The credit card companies are liitle to no help since the orders were "card not present" transactions. You have almost no defense on a chargeback with internet or phone orders judging from my experience.

As merchants, we're left holding the bag so be very discriminating.

Crazy_Fool: you stated: "what you're talking about is full-authorisation (automatically authorised) for most transactions and pre-authorisation (manual authorisation) for anything strange, like from certain countries or over certain values etc. this is very easy and it's done in the shopping cart prior to payment, not from the callback which is following payment. the shopping experience is identical for all shoppers regardless of whether transactions are pre-auth or full-auth."

I am glad that you know the results from WorldPay (including AVS results, whether the card has been authorised, if the user has changed their name, address, phone number, postcode, email address or even country within the WorldPay payment screen). You must have a pre-knowledge system that allows you to know this information before WorldPay do. And when I went to pre-auth, they suspended all the other non-pre auth accounts - they do this by default.

I have had orders with UK credit cards where the AVS results all match, they are using a UK card and they know the address. But when they ask for shipping to Uganda, Nigeria, USA or anywhere else it begins to ring alarm bells - especially when you consider these order amounts. To automate this requires a callback facility where I can decide what to do from there.
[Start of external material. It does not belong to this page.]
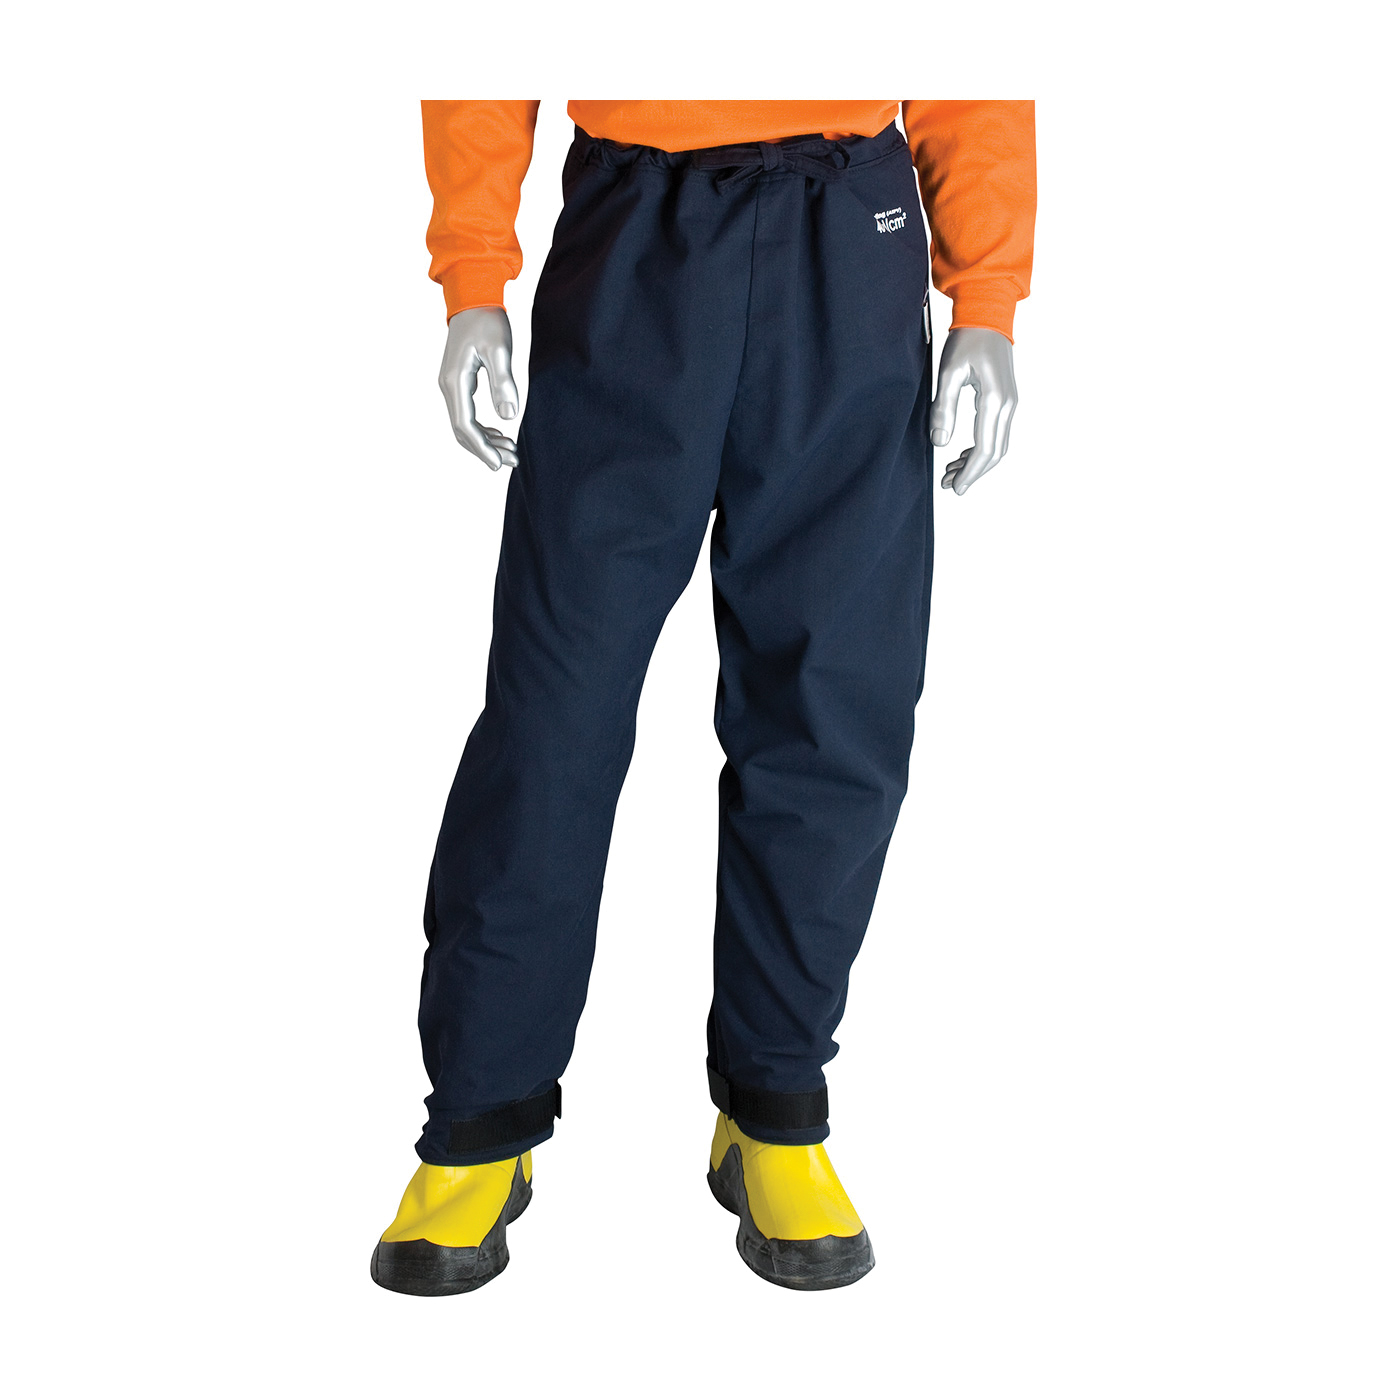 PIP® 9100-530ULT/S 9100-530ULT Ultralight Flame Resistant Pant, 32 to 34 in Waist, 32 in L Inseam, Navy Blue, DuPont™ Protera®/Westex® UltraSoft® Interlock Knit

The call back is especially important when I get fraud attempts regularly. I could lose 60-100 of one particular item per day from my stock figures if I do not use the callback facility to report if the item has been paid for or not.

A call back can also be used to give the customer a different payment success or failure screen depending on the results. So you could for example, give a user an special failure message if the countries do not match (even if the payment has been authorised).

Alby, this information is not on the WorldPay site (as far as I know), you will find the information required if you phone support and ask about callbacks and using them to process pre-auth transactions.

gsx - don't be sarcastic.
like i said, ask them to unsuspend the non-pre-auth accounts and they will, giving you 2 test and 2 live acounts. determine which to use in your shopping cart prior to payment.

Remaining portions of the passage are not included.